| YOUR GOAL |
In the listing below, locate the line that contains "7d78dd3823d Lacoste Sport" and the line that contains "Boucheron 18k Yellow". Restate word for word those two lines and every line between them, and nothing else.

| GIVEN DATA |
───

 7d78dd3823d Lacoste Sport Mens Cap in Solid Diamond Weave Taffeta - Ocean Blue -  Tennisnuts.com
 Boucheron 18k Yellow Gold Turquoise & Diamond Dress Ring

───

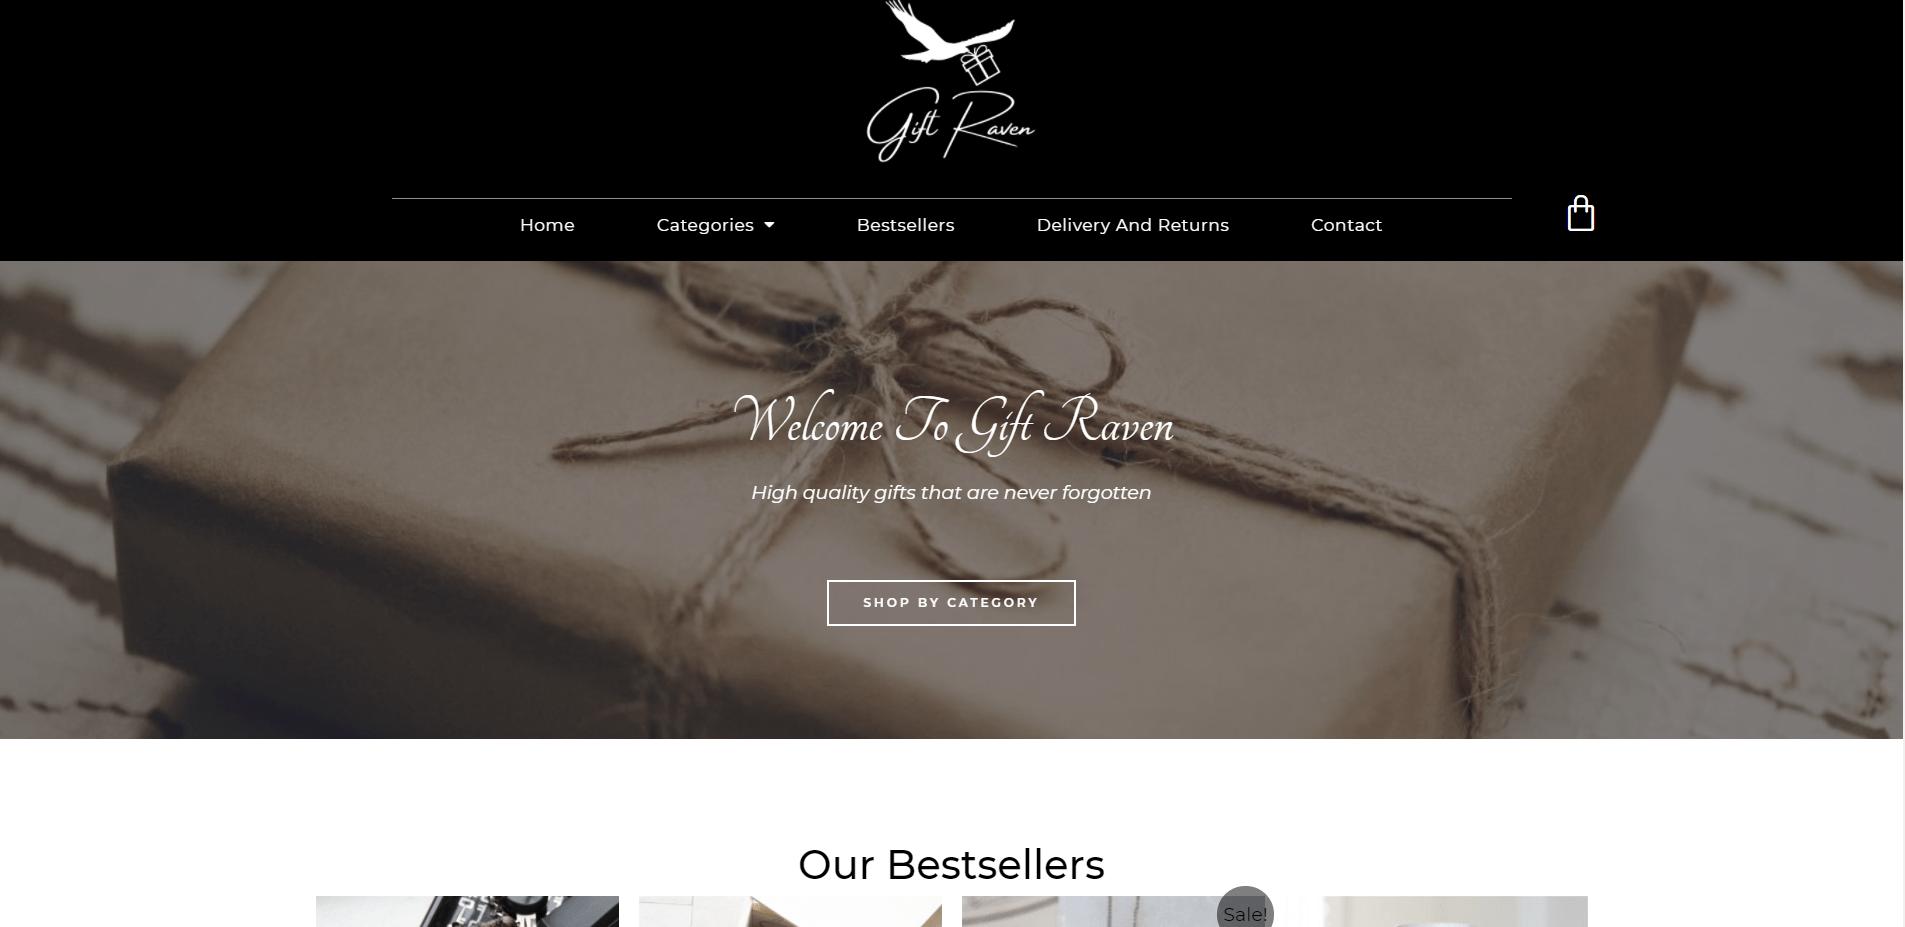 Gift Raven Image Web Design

───

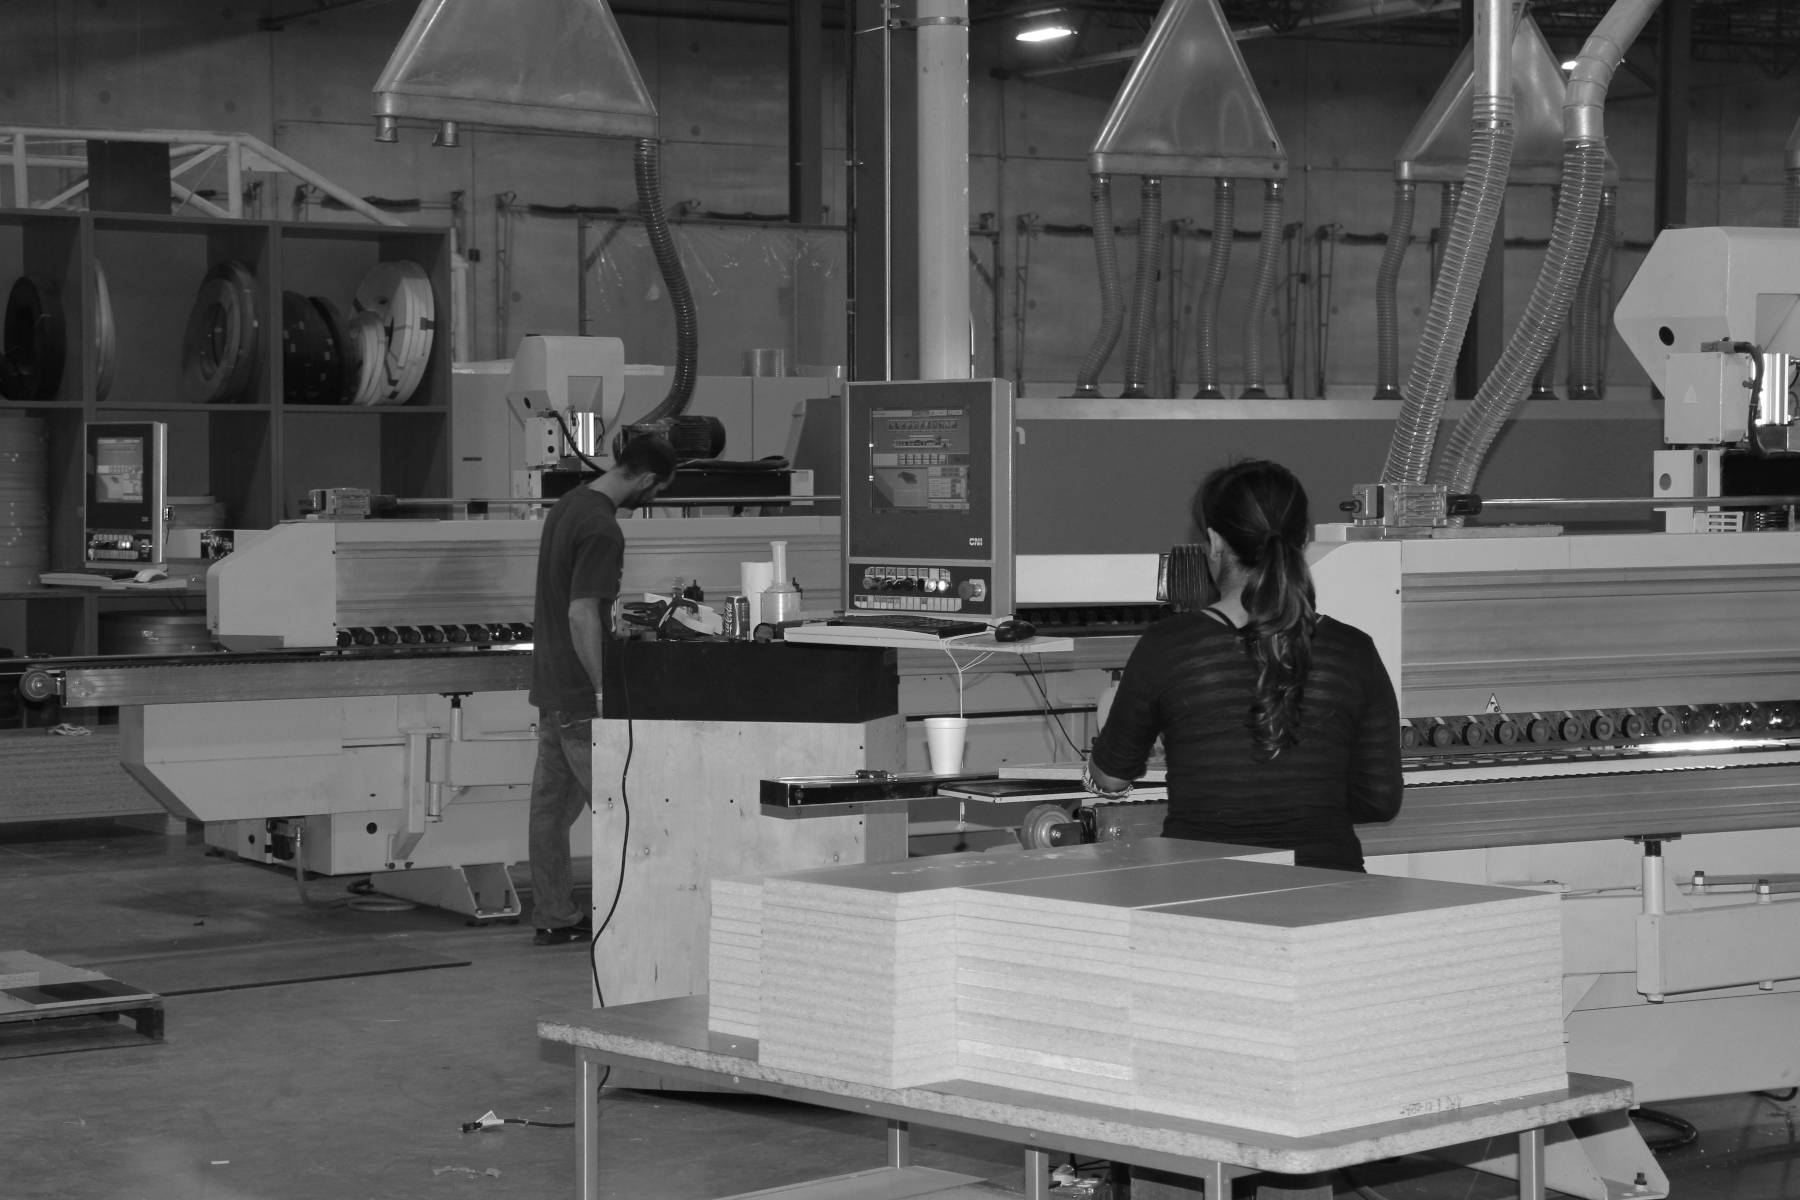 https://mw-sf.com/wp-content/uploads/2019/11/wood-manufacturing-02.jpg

───

| EXERCISE ANSWER |
 7d78dd3823d Lacoste Sport Mens Cap in Solid Diamond Weave Taffeta - Ocean Blue -  Tennisnuts.com
 Boucheron 18k Yellow Gold Turquoise & Diamond Dress Ring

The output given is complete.